> _TASK DESCRIPTION_
Print out the entries exactly, and include each one.

(INPUT begins)

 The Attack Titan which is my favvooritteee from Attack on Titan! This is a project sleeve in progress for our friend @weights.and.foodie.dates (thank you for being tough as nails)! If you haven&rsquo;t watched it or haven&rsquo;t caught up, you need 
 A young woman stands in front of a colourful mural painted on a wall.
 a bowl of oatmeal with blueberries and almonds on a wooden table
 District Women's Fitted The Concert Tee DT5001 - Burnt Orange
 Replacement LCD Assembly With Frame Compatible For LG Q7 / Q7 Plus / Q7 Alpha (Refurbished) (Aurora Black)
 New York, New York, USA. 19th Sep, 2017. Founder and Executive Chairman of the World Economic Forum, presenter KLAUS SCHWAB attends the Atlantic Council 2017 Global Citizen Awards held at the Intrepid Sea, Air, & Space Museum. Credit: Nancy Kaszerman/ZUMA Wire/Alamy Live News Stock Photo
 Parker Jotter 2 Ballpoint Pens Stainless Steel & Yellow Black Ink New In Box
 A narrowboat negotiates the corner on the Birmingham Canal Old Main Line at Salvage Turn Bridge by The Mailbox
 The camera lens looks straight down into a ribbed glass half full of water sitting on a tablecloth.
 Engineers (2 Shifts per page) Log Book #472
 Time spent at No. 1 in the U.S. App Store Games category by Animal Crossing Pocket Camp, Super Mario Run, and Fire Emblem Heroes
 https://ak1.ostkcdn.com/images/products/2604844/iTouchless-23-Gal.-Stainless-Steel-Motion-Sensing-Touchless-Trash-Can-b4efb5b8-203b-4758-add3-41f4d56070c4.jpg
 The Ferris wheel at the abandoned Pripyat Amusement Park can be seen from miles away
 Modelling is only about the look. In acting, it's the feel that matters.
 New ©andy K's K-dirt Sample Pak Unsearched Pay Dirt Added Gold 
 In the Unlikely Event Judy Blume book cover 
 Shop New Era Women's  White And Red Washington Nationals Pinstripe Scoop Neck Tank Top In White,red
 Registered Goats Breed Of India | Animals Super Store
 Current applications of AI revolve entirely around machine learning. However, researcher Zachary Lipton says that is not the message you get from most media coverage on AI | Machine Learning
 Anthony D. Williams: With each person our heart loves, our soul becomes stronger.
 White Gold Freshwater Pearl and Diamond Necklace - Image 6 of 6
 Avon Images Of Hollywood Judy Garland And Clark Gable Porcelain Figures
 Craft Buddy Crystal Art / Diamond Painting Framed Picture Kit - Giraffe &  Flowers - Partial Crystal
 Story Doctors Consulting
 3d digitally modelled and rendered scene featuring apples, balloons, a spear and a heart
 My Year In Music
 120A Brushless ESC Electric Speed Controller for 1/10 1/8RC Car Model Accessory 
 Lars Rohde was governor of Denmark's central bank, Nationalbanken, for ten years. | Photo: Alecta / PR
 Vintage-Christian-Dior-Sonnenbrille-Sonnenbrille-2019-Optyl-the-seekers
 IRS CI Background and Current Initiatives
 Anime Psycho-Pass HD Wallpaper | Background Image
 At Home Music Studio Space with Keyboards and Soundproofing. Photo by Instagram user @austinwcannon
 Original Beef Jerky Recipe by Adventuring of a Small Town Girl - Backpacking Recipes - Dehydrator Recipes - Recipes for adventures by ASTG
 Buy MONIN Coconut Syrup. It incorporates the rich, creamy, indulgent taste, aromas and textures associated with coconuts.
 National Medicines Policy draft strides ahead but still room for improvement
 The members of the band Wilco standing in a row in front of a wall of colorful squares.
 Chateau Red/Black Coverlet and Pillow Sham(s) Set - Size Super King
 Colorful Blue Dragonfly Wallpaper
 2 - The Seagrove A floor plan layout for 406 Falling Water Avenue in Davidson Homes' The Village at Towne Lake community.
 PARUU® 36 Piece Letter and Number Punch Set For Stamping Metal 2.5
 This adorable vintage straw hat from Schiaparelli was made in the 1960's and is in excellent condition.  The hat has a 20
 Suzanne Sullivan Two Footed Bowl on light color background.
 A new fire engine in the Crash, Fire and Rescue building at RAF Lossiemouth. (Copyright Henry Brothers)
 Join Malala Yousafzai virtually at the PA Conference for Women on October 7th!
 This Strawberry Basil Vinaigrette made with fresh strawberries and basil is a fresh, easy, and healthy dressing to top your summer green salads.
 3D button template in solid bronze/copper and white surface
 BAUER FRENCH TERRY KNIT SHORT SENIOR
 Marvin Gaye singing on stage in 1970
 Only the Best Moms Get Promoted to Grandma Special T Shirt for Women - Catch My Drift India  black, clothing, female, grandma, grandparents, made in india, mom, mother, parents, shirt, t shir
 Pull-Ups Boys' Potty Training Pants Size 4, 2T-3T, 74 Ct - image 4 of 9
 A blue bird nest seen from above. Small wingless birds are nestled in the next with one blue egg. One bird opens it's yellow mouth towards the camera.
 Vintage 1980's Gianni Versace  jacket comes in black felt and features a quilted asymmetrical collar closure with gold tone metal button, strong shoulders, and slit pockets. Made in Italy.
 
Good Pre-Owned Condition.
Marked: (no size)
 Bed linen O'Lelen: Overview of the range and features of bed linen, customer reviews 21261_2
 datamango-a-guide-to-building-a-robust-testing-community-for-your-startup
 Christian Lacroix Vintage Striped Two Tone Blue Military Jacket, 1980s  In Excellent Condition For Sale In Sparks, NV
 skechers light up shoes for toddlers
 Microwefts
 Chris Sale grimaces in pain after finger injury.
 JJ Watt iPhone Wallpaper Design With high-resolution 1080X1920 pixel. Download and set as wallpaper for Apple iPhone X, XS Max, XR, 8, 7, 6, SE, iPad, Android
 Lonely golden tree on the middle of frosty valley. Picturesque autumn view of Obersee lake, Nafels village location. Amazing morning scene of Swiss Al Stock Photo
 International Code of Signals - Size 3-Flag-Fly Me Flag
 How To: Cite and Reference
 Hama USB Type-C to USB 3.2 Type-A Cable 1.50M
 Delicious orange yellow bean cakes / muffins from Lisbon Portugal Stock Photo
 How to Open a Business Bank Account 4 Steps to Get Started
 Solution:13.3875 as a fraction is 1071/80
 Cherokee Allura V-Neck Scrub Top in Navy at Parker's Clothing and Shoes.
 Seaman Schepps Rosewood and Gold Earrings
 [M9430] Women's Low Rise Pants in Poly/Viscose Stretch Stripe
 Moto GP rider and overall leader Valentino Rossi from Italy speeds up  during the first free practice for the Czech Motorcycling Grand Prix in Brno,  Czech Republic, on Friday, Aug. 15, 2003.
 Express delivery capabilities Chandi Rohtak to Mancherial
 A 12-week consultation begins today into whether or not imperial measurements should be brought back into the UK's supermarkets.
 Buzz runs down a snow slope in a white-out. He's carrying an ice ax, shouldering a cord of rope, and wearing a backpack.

(INPUT ends)

> _YOUR RESPONSE_
 The Attack Titan which is my favvooritteee from Attack on Titan! This is a project sleeve in progress for our friend @weights.and.foodie.dates (thank you for being tough as nails)! If you haven&rsquo;t watched it or haven&rsquo;t caught up, you need 
 A young woman stands in front of a colourful mural painted on a wall.
 a bowl of oatmeal with blueberries and almonds on a wooden table
 District Women's Fitted The Concert Tee DT5001 - Burnt Orange
 Replacement LCD Assembly With Frame Compatible For LG Q7 / Q7 Plus / Q7 Alpha (Refurbished) (Aurora Black)
 New York, New York, USA. 19th Sep, 2017. Founder and Executive Chairman of the World Economic Forum, presenter KLAUS SCHWAB attends the Atlantic Council 2017 Global Citizen Awards held at the Intrepid Sea, Air, & Space Museum. Credit: Nancy Kaszerman/ZUMA Wire/Alamy Live News Stock Photo
 Parker Jotter 2 Ballpoint Pens Stainless Steel & Yellow Black Ink New In Box
 A narrowboat negotiates the corner on the Birmingham Canal Old Main Line at Salvage Turn Bridge by The Mailbox
 The camera lens looks straight down into a ribbed glass half full of water sitting on a tablecloth.
 Engineers (2 Shifts per page) Log Book #472
 Time spent at No. 1 in the U.S. App Store Games category by Animal Crossing Pocket Camp, Super Mario Run, and Fire Emblem Heroes
 https://ak1.ostkcdn.com/images/products/2604844/iTouchless-23-Gal.-Stainless-Steel-Motion-Sensing-Touchless-Trash-Can-b4efb5b8-203b-4758-add3-41f4d56070c4.jpg
 The Ferris wheel at the abandoned Pripyat Amusement Park can be seen from miles away
 Modelling is only about the look. In acting, it's the feel that matters.
 New ©andy K's K-dirt Sample Pak Unsearched Pay Dirt Added Gold 
 In the Unlikely Event Judy Blume book cover 
 Shop New Era Women's  White And Red Washington Nationals Pinstripe Scoop Neck Tank Top In White,red
 Registered Goats Breed Of India | Animals Super Store
 Current applications of AI revolve entirely around machine learning. However, researcher Zachary Lipton says that is not the message you get from most media coverage on AI | Machine Learning
 Anthony D. Williams: With each person our heart loves, our soul becomes stronger.
 White Gold Freshwater Pearl and Diamond Necklace - Image 6 of 6
 Avon Images Of Hollywood Judy Garland And Clark Gable Porcelain Figures
 Craft Buddy Crystal Art / Diamond Painting Framed Picture Kit - Giraffe &  Flowers - Partial Crystal
 Story Doctors Consulting
 3d digitally modelled and rendered scene featuring apples, balloons, a spear and a heart
 My Year In Music
 120A Brushless ESC Electric Speed Controller for 1/10 1/8RC Car Model Accessory 
 Lars Rohde was governor of Denmark's central bank, Nationalbanken, for ten years. | Photo: Alecta / PR
 Vintage-Christian-Dior-Sonnenbrille-Sonnenbrille-2019-Optyl-the-seekers
 IRS CI Background and Current Initiatives
 Anime Psycho-Pass HD Wallpaper | Background Image
 At Home Music Studio Space with Keyboards and Soundproofing. Photo by Instagram user @austinwcannon
 Original Beef Jerky Recipe by Adventuring of a Small Town Girl - Backpacking Recipes - Dehydrator Recipes - Recipes for adventures by ASTG
 Buy MONIN Coconut Syrup. It incorporates the rich, creamy, indulgent taste, aromas and textures associated with coconuts.
 National Medicines Policy draft strides ahead but still room for improvement
 The members of the band Wilco standing in a row in front of a wall of colorful squares.
 Chateau Red/Black Coverlet and Pillow Sham(s) Set - Size Super King
 Colorful Blue Dragonfly Wallpaper
 2 - The Seagrove A floor plan layout for 406 Falling Water Avenue in Davidson Homes' The Village at Towne Lake community.
 PARUU® 36 Piece Letter and Number Punch Set For Stamping Metal 2.5
 This adorable vintage straw hat from Schiaparelli was made in the 1960's and is in excellent condition.  The hat has a 20
 Suzanne Sullivan Two Footed Bowl on light color background.
 A new fire engine in the Crash, Fire and Rescue building at RAF Lossiemouth. (Copyright Henry Brothers)
 Join Malala Yousafzai virtually at the PA Conference for Women on October 7th!
 This Strawberry Basil Vinaigrette made with fresh strawberries and basil is a fresh, easy, and healthy dressing to top your summer green salads.
 3D button template in solid bronze/copper and white surface
 BAUER FRENCH TERRY KNIT SHORT SENIOR
 Marvin Gaye singing on stage in 1970
 Only the Best Moms Get Promoted to Grandma Special T Shirt for Women - Catch My Drift India  black, clothing, female, grandma, grandparents, made in india, mom, mother, parents, shirt, t shir
 Pull-Ups Boys' Potty Training Pants Size 4, 2T-3T, 74 Ct - image 4 of 9
 A blue bird nest seen from above. Small wingless birds are nestled in the next with one blue egg. One bird opens it's yellow mouth towards the camera.
 Vintage 1980's Gianni Versace  jacket comes in black felt and features a quilted asymmetrical collar closure with gold tone metal button, strong shoulders, and slit pockets. Made in Italy.
 
Good Pre-Owned Condition.
Marked: (no size)
 Bed linen O'Lelen: Overview of the range and features of bed linen, customer reviews 21261_2
 datamango-a-guide-to-building-a-robust-testing-community-for-your-startup
 Christian Lacroix Vintage Striped Two Tone Blue Military Jacket, 1980s  In Excellent Condition For Sale In Sparks, NV
 skechers light up shoes for toddlers
 Microwefts
 Chris Sale grimaces in pain after finger injury.
 JJ Watt iPhone Wallpaper Design With high-resolution 1080X1920 pixel. Download and set as wallpaper for Apple iPhone X, XS Max, XR, 8, 7, 6, SE, iPad, Android
 Lonely golden tree on the middle of frosty valley. Picturesque autumn view of Obersee lake, Nafels village location. Amazing morning scene of Swiss Al Stock Photo
 International Code of Signals - Size 3-Flag-Fly Me Flag
 How To: Cite and Reference
 Hama USB Type-C to USB 3.2 Type-A Cable 1.50M
 Delicious orange yellow bean cakes / muffins from Lisbon Portugal Stock Photo
 How to Open a Business Bank Account 4 Steps to Get Started
 Solution:13.3875 as a fraction is 1071/80
 Cherokee Allura V-Neck Scrub Top in Navy at Parker's Clothing and Shoes.
 Seaman Schepps Rosewood and Gold Earrings
 [M9430] Women's Low Rise Pants in Poly/Viscose Stretch Stripe
 Moto GP rider and overall leader Valentino Rossi from Italy speeds up  during the first free practice for the Czech Motorcycling Grand Prix in Brno,  Czech Republic, on Friday, Aug. 15, 2003.
 Express delivery capabilities Chandi Rohtak to Mancherial
 A 12-week consultation begins today into whether or not imperial measurements should be brought back into the UK's supermarkets.
 Buzz runs down a snow slope in a white-out. He's carrying an ice ax, shouldering a cord of rope, and wearing a backpack.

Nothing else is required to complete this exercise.